Question: Solve: \[\mathop {\lim }\limits_{x \to 27} \dfrac{{({x^{\dfrac{1}{3}}} + 3)({x^{\dfrac{1}{3}}} - 3)}...

Question

Solve: $\mathop {\lim }\limits_{x \to 27} \dfrac{{({x^{\dfrac{1}{3}}} + 3)({x^{\dfrac{1}{3}}} - 3)}}{{x - 27}}$

Answer 1

Solution

In the above question, if we directly put the limit in place of the variable, then the denominator will result in zero and hence the solution will result is not defined. So first we have to simplify the given expression by applying a suitable formula and then we will cancel out the like terms and after that, we will put the limits.

Complete step by step answer:
If we put the given limit in the function in place of the variable and if both the numerator and the denominator results in zero, then we will first simplify the expression and then we will further solve our question.
In the given question, we have to solve $\mathop {\lim }\limits_{x \to 27} \dfrac{{({x^{\dfrac{1}{3}}} + 3)({x^{\dfrac{1}{3}}} - 3)}}{{x - 27}}$
If we put a limit here then the denominator comes out zero so we will get an undefined value. So first we will simplify the above expression.
$\mathop {\lim }\limits_{x \to 27} \dfrac{{({x^{\dfrac{1}{3}}} + 3)({x^{\dfrac{1}{3}}} - 3)}}{{{{({x^{\dfrac{1}{3}}})}^3} - {{(3)}^3}}}$ …….. ( $1$ )
In the denominator of the above expression, x can be written as ${({x^{\dfrac{1}{3}}})^3}$ and $27$ can be written as ${(3)^3}$ .
We know that, according to the formula given below.
${a^3} - {b^3} = (a - b)({a^2} + ab + {b^2})$
Now we will apply this formula in the denominator of the first equation.
${({x^{\dfrac{1}{3}}})^3} - {(3)^3} = ({x^{\dfrac{1}{3}}} - 3)({x^{\dfrac{2}{3}}} + 9 + 3{x^{\dfrac{1}{3}}})$ ……….. ( $2$ )
On putting the value of ( $2$ ) in ( $1$ ), we get the following results.
$\mathop {\lim }\limits_{x \to 27} \dfrac{{({x^{\dfrac{1}{3}}} + 3)({x^{\dfrac{1}{3}}} - 3)}}{{({x^{\dfrac{1}{3}}} - 3)({x^{\dfrac{2}{3}}} + 9 + 3{x^{\dfrac{1}{3}}})}}$
The value $({x^{\dfrac{1}{3}}} - 3)$ will cancel out each other in the numerator and the denominator and we get the results as shown below.
$\mathop {\lim }\limits_{x \to 27} \dfrac{{({x^{\dfrac{1}{3}}} + 3)}}{{({x^{\dfrac{2}{3}}} + 9 + 3{x^{\dfrac{1}{3}}})}}$ ….. ( $3$ )
We know that $\mathop {\lim }\limits_{x \to 27}$ means that we have to place the value of $27$ in place of x.
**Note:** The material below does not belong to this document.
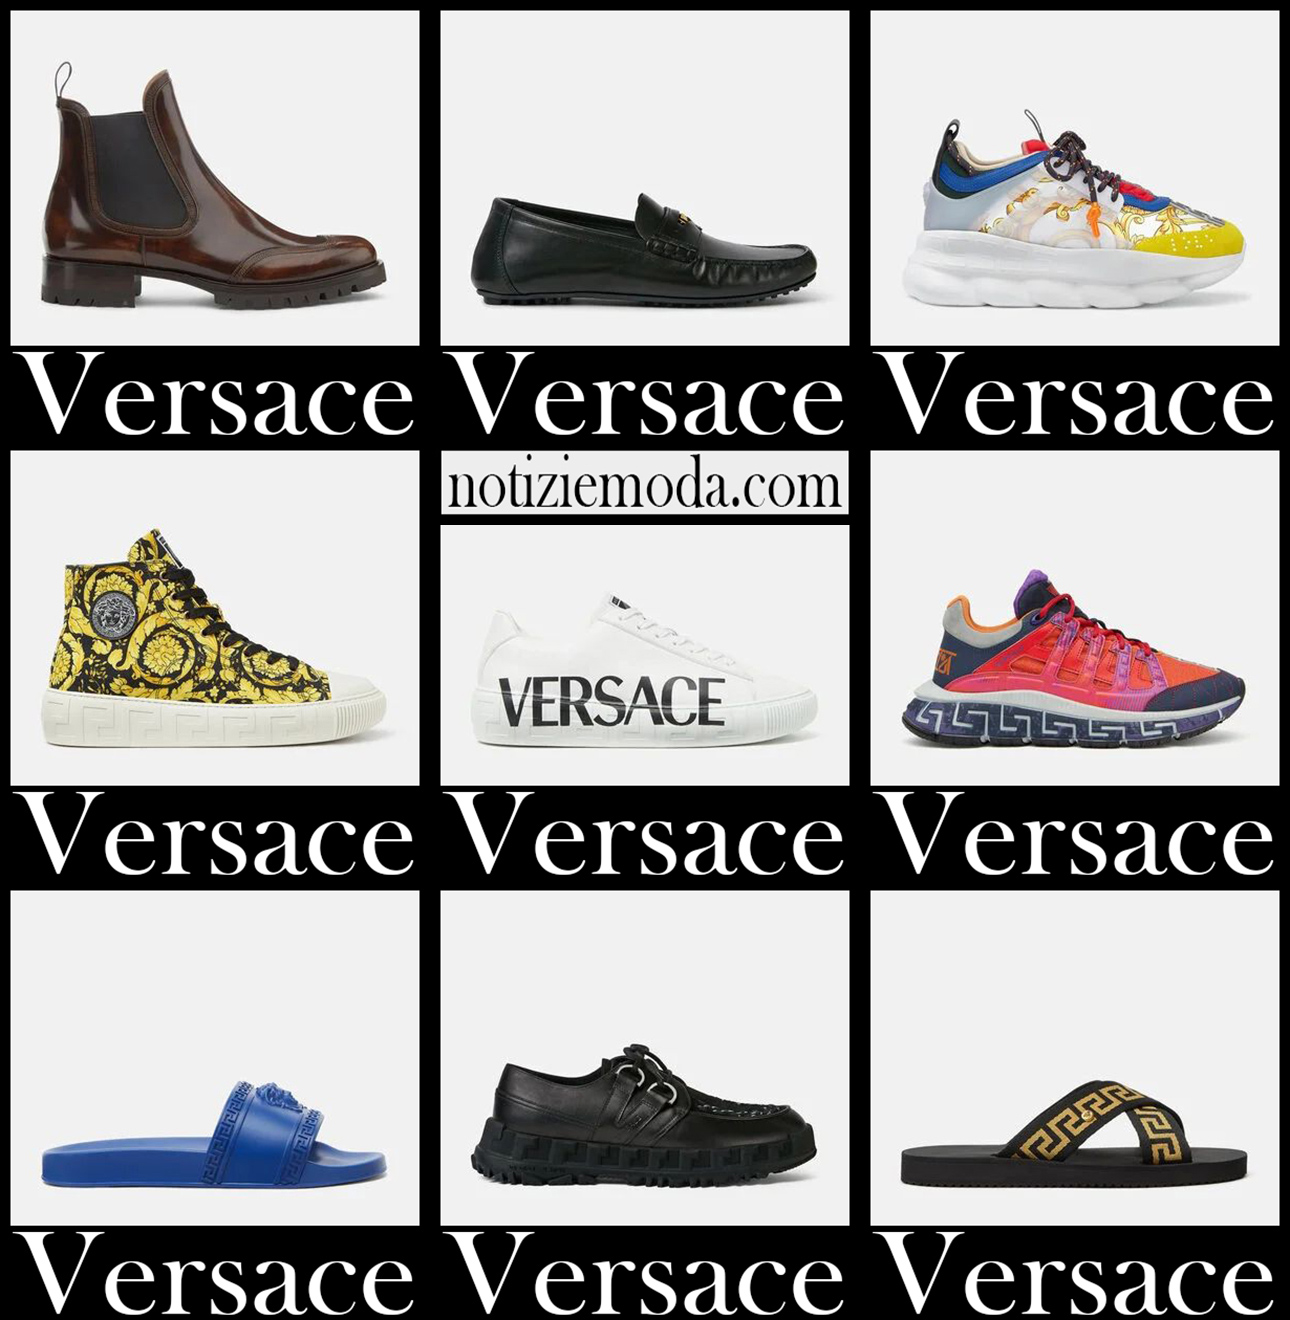 Nuovi arrivi scarpe Versace 2021 calzature moda uomo

On applying limits in (3), we get the results as shown below.
$\mathop {\lim }\limits_{x \to 27} \dfrac{{({x^{\dfrac{1}{3}}} + 3)}}{{({x^{\dfrac{2}{3}}} + 9 + 3{x^{\dfrac{1}{3}}})}}$ ,
$\Rightarrow \dfrac{{({{(27)}^{\dfrac{1}{3}}} + 3)}}{{({{(27)}^{\dfrac{2}{3}}} + 9 + 3{{(27)}^{\dfrac{1}{3}}})}}$ ,
$27$ is the cube of $3$ , so $27$ can be written as ${(3)^3}$ and the above expression becomes
$\Rightarrow \dfrac{{({{({3^3})}^{\dfrac{1}{3}}} + 3)}}{{({{({3^3})}^{\dfrac{2}{3}}} + 9 + 3{{({3^3})}^{\dfrac{1}{3}}})}}$ ,
$\Rightarrow \dfrac{{(3 + 3)}}{{(9 + 9 + 9)}}$ ,
$\Rightarrow \dfrac{6}{{27}}$ ,
$\Rightarrow \dfrac{2}{9}$
Hence, after solving the limit we get the following results.
$\mathop {\lim }\limits_{x \to 27} \dfrac{{({x^{\dfrac{1}{3}}} + 3)({x^{\dfrac{1}{3}}} - 3)}}{{x - 27}} = \dfrac{2}{9}$

Note:
If we put the limit in place of the variable in the function and if both the numerator and denominator result in zero then L'hospital's Rule will be applied on the given expression, according to which, first we have to differentiate both numerator and denominator expression with respect to x and then we will apply the limits.